If $A$ is a $k \times n$ matrix of rank $k$, where A can be broken down into $UDV^T$ as per singular value decomposition, why is $AA^T$ non-singular?

Answer 1

$D$ is a $k \times n$ diagonal matrix where each row is non-zero.
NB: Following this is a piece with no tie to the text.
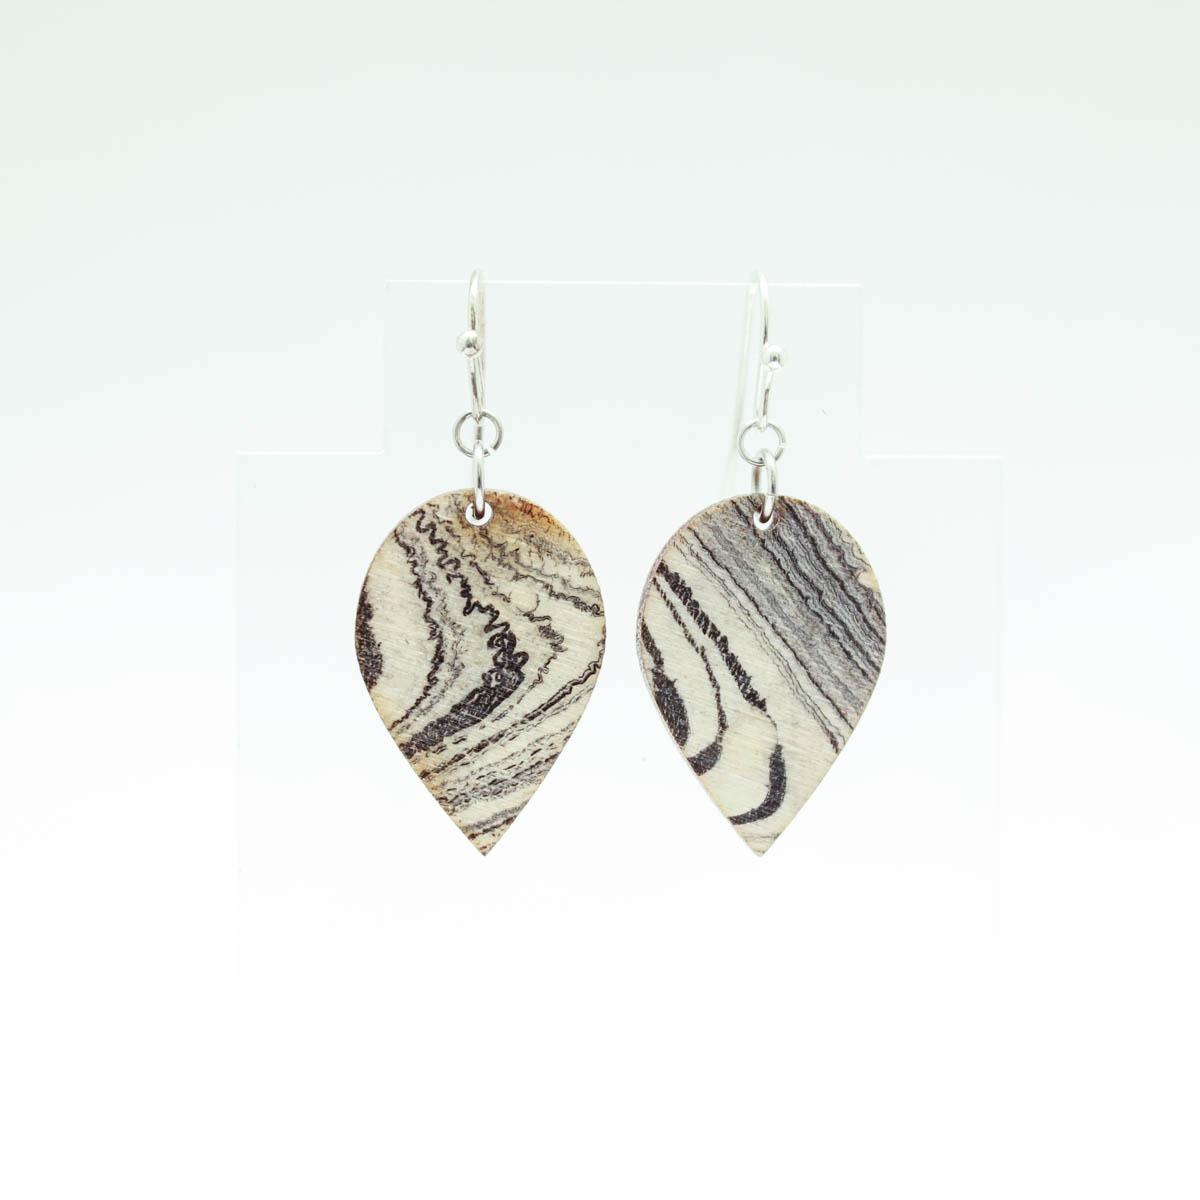 Marbled Leaflet Earrings
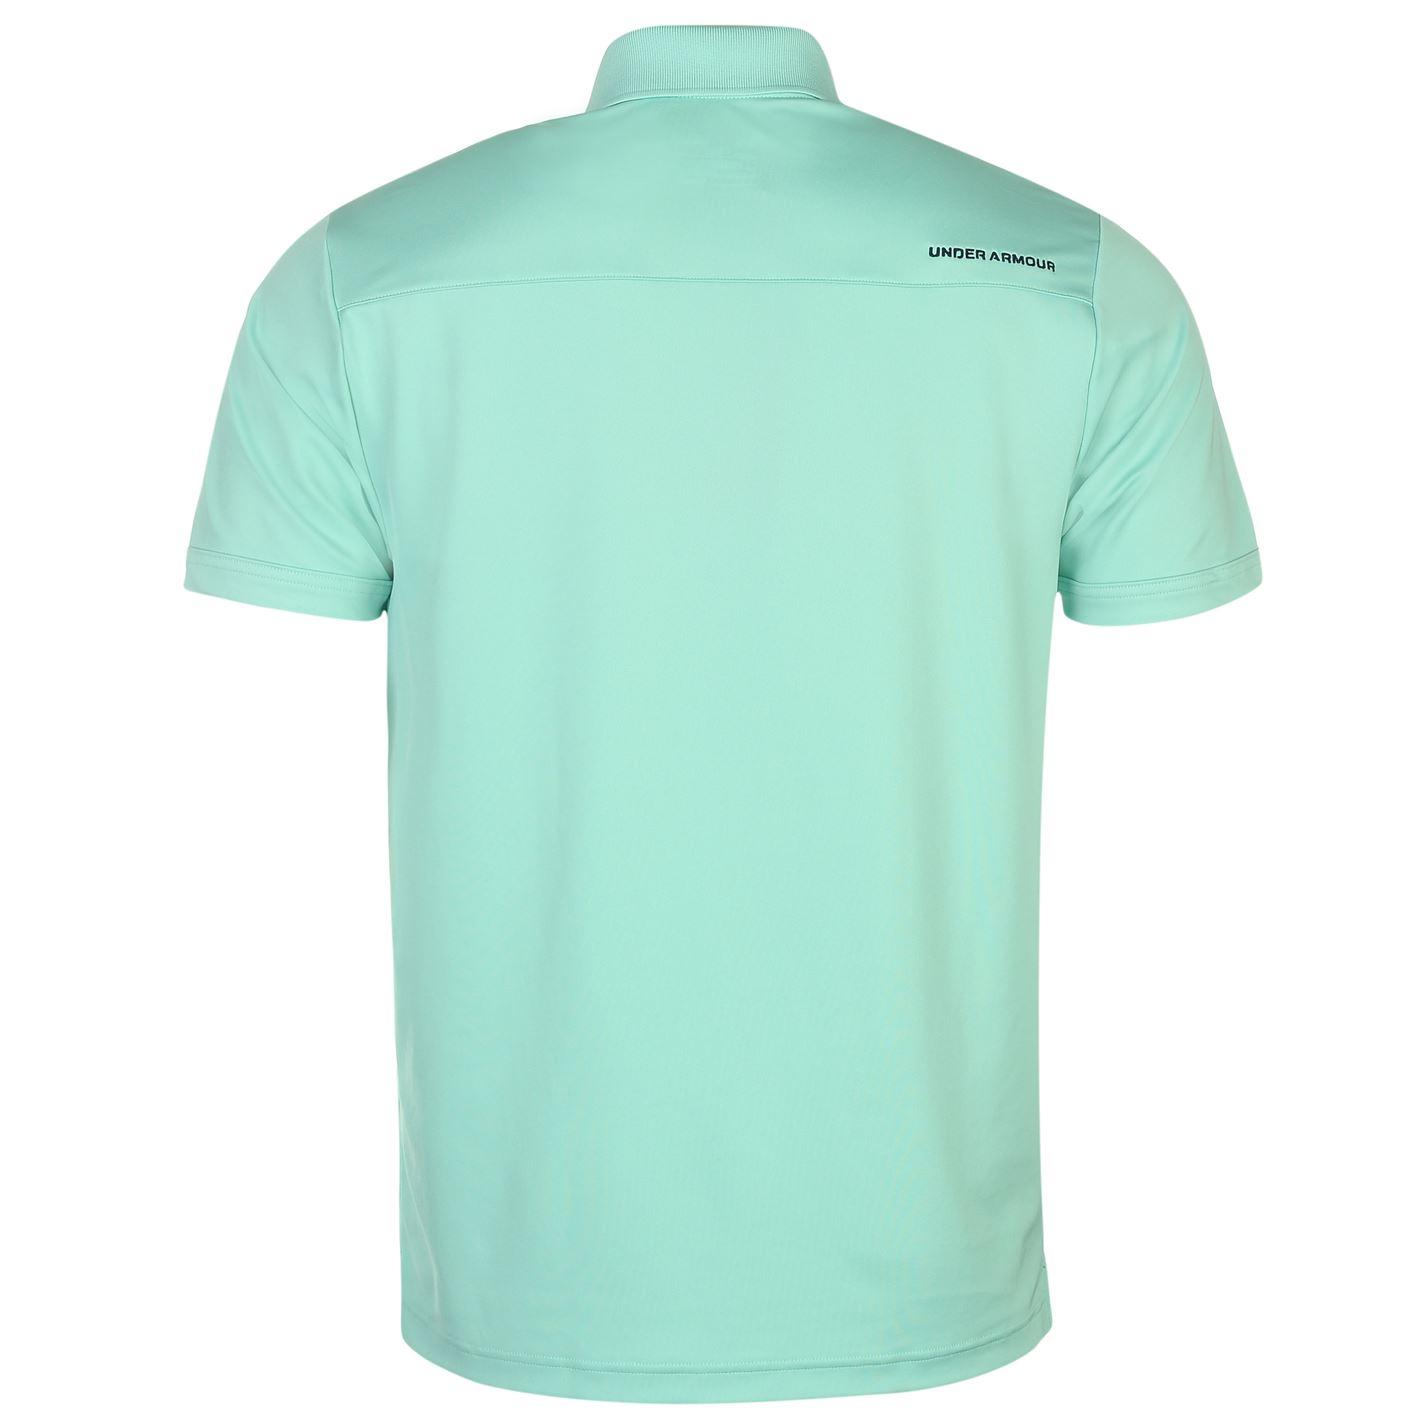 Under-Armour-Camiseta-Polo-para-hombre-realizar-Manga-Corta-Camiseta-Top-Golf-Deportes miniatura 22

Its $(i,i)$-th entry, $d_i$ is positive.

$DD^T$ is a $k \times k$ matrix where each row is non-zero, its $(i,i)$-th entry, $d_i^2$ is positive. and hence it is nonsingular.

$$AA^T=UDV^TVD^TU^T=UDD^TU^T$$

Since $U$ is nonsingular, $DD^T$ and $U^T$ are nonsingular, $AA^T$ is nonsingular.

Answer 2

Since you are using transpose ($T$) rather than Hermitian conjugate, we're working over the reals.

Since $A$ has full row rank, it is surjective.

$\text{Ker}(A^T) = (\text{Ran}(A))^\perp = \{0\}$.

For any nonzero vector $x \in \mathbb R^k$, $x^T A A^T x = \|A^T x\|^2 > 0$, so $A A^T x \ne 0$. Thus $\text{ker}(A A^T) = \{0\}$, so $A A^T$ is nonsingular.